You’re never ready for it. All hell breaks loose and your brain suddenly feels like swiss cheese. Women are better at dealing with it than men are, sure. Specifically mothers, like there’s some sort of mechanism born within the mind of a momma when she gets pregnant. But the feeling is the same. “What the fuck do I do now?” It’s a universal thought process.

When you add trauma to the chaos, that’s when momma’s really shine.
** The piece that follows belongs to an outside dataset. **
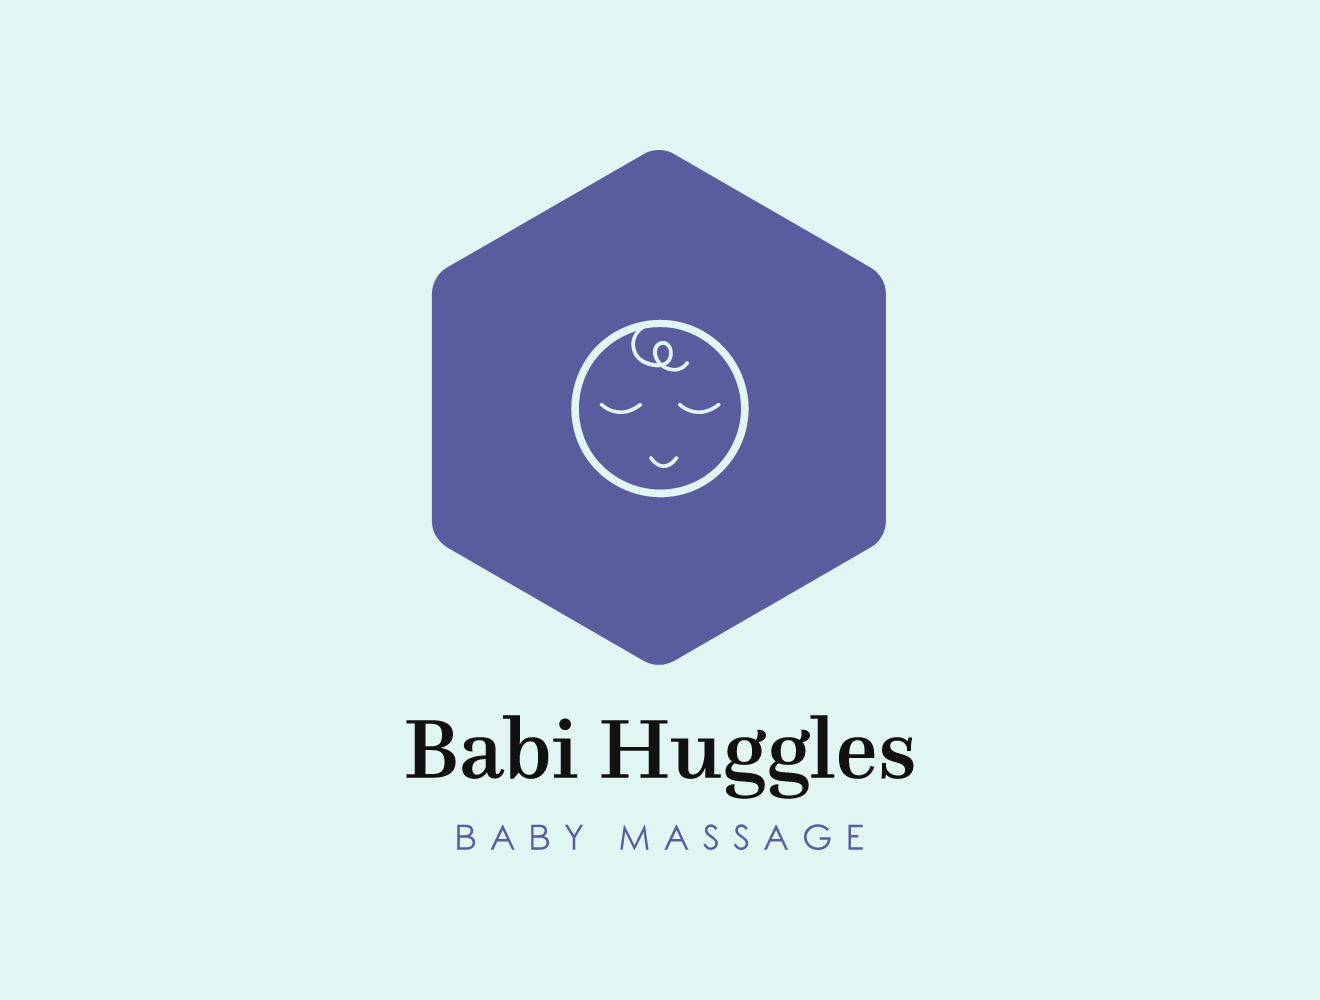 Babi Huggles 's logo

Take a black woman in her kitchen making dinner for her kids when she hears thumping bass notes turning onto her street, that first pop barely reaches her ear before she’s pulling those babies into the basement stairwell, screaming at them to get down. Like she knew it was coming. But then a bullet aimed at the neighboring dump ricochets off a shovel sitting on their porch and bursts right in through her living room window and catches her neck as she’s hunching down to follow her kids on the steps. She doesn’t immediately have that next step ready at the front of her brain to call out to her 12 year old now watching her momma slide down the steps with blood seeping from a major artery. Nope. She thinks to herself, “What the fuck do I do now?”

Holding a hand to the wound, pressing as hard as I can, staring into my oldest baby’s face as I tried to unfold emergency plans in my head, I felt as stupid as the dummy I married who is now rotting in a prison cell up state. Fortunately for me, it’s my daughter who inherited brains from someone else in my family who had the plan.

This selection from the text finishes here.